# TASK DETAILS
In the data below, find the line with "El Camino de" and the line with "- Alarm [PC]", then restate both and every line between them exactly, minus the pictures.

# EXTRACTED ENTRIES
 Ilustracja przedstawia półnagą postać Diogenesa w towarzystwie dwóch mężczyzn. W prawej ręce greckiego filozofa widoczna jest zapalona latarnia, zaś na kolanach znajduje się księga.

* * *

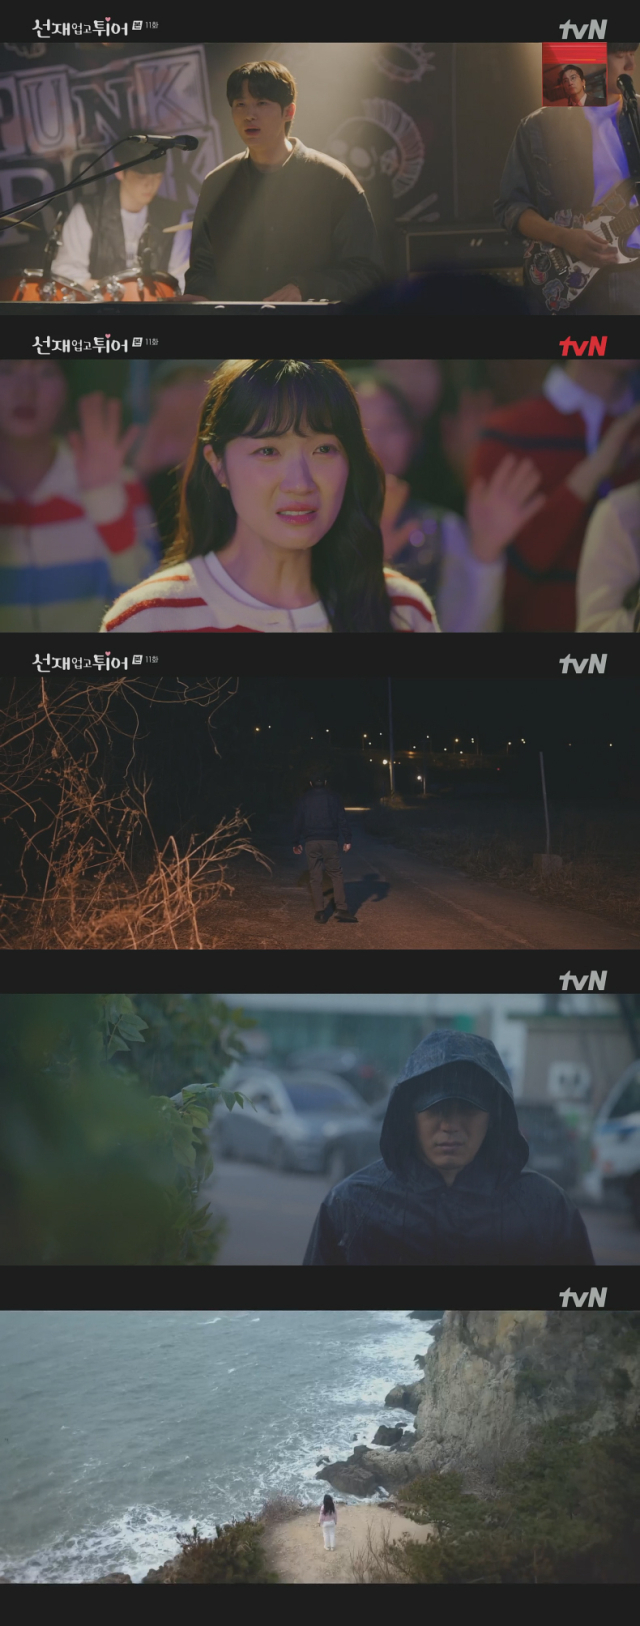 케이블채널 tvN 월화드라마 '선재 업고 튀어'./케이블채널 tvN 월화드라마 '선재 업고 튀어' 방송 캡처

==

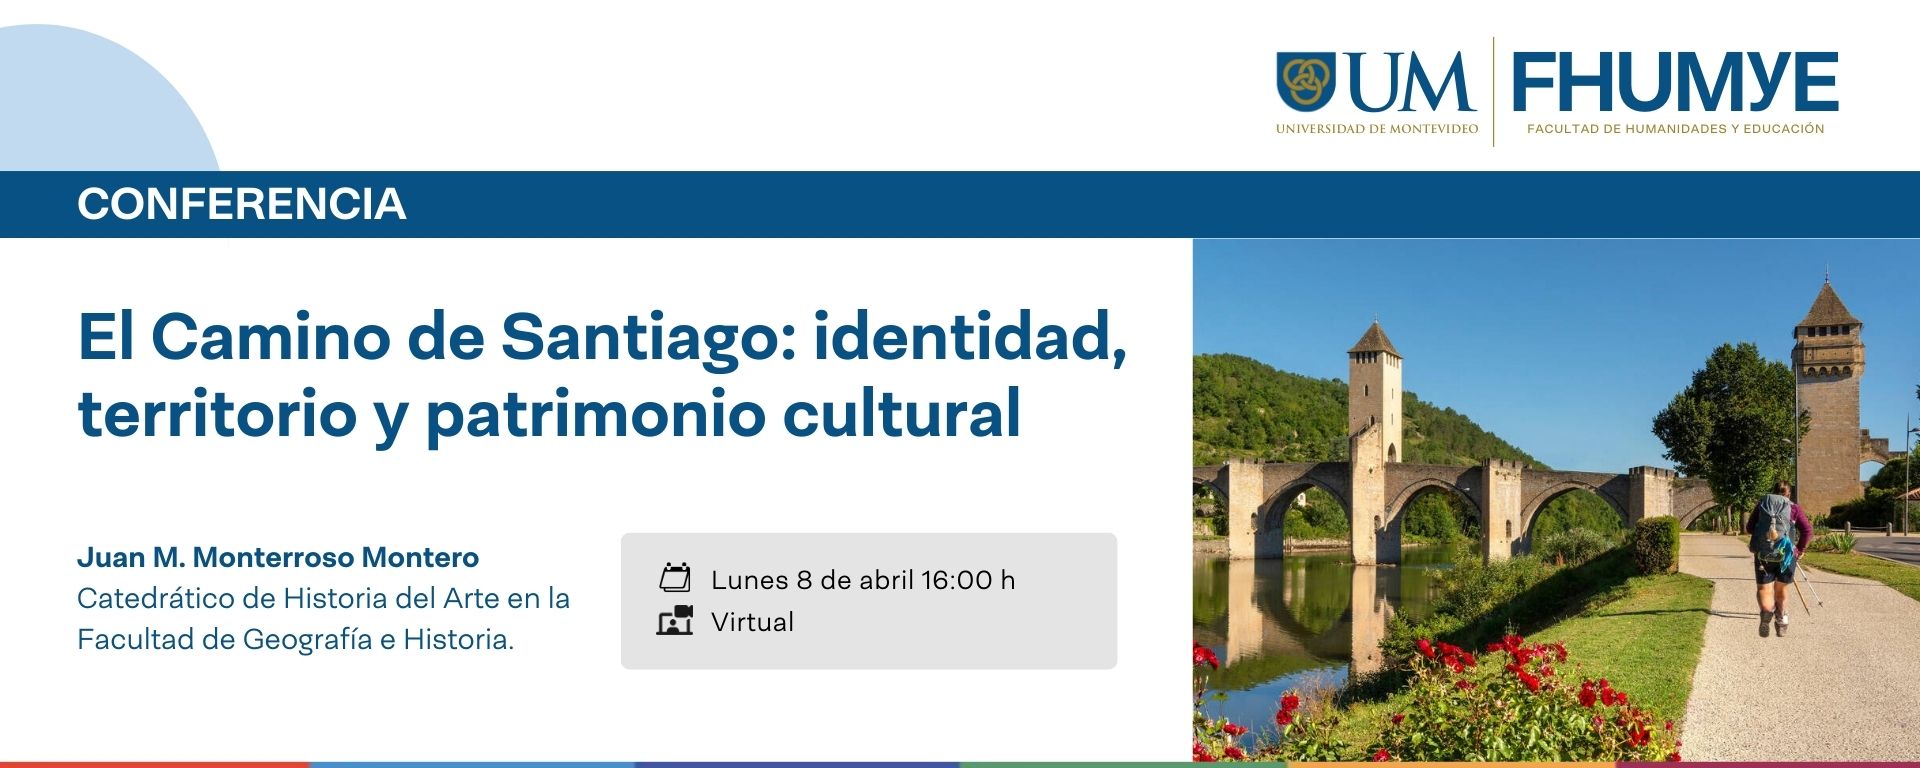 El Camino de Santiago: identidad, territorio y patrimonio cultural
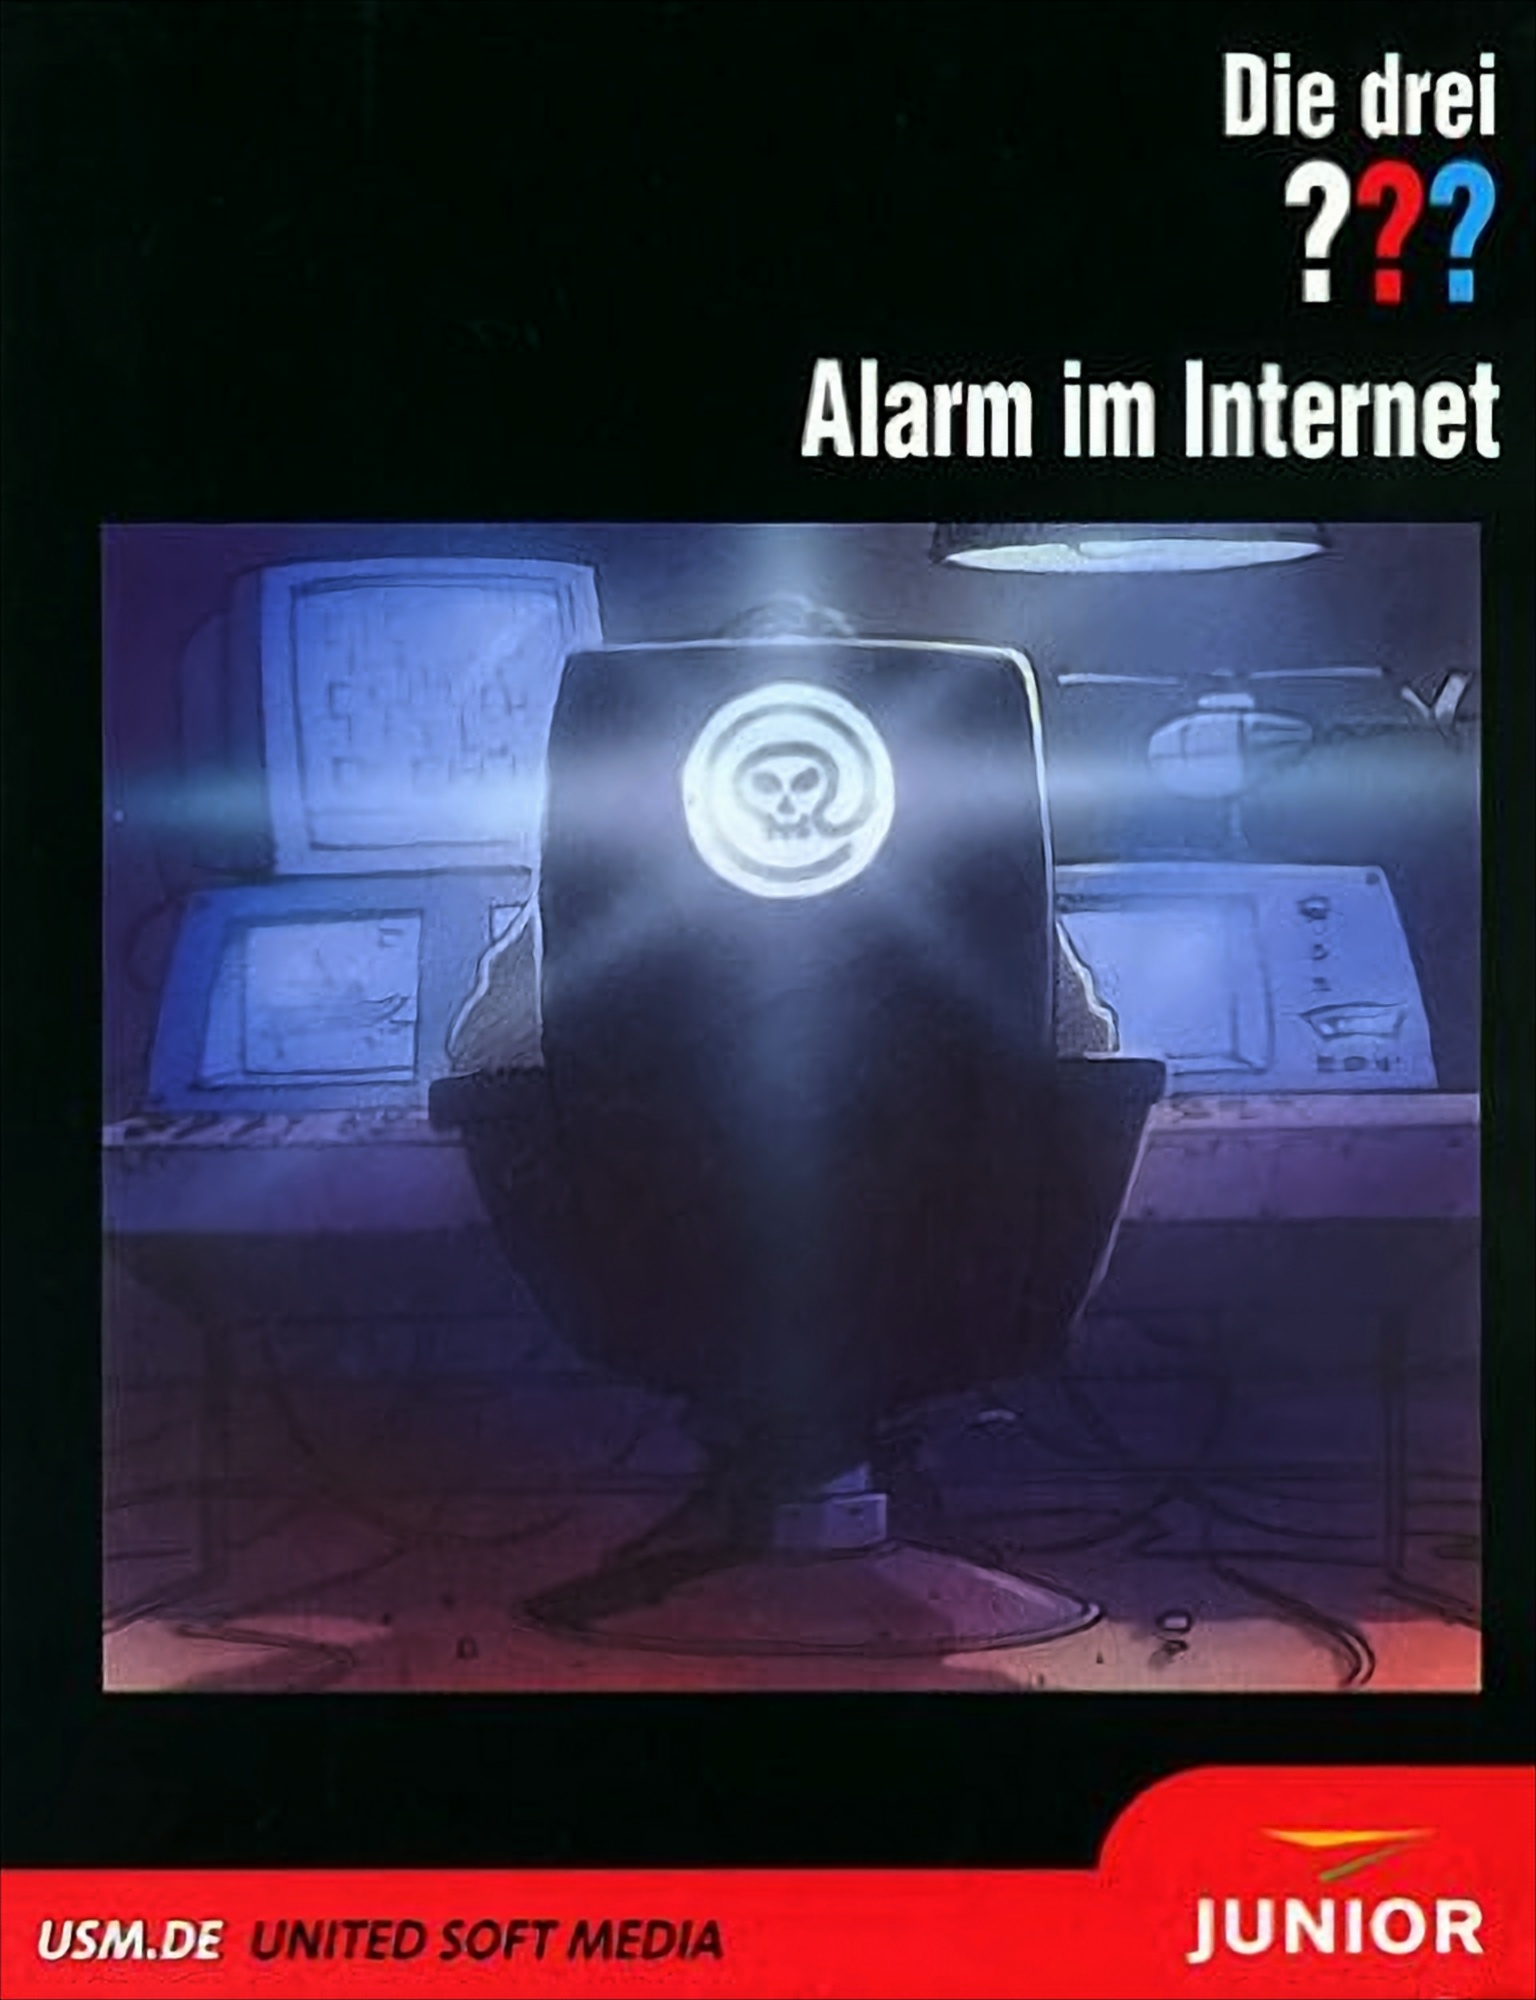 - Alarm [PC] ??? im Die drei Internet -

# RESPONSE
 El Camino de Santiago: identidad, territorio y patrimonio cultural
 - Alarm [PC] ??? im Die drei Internet -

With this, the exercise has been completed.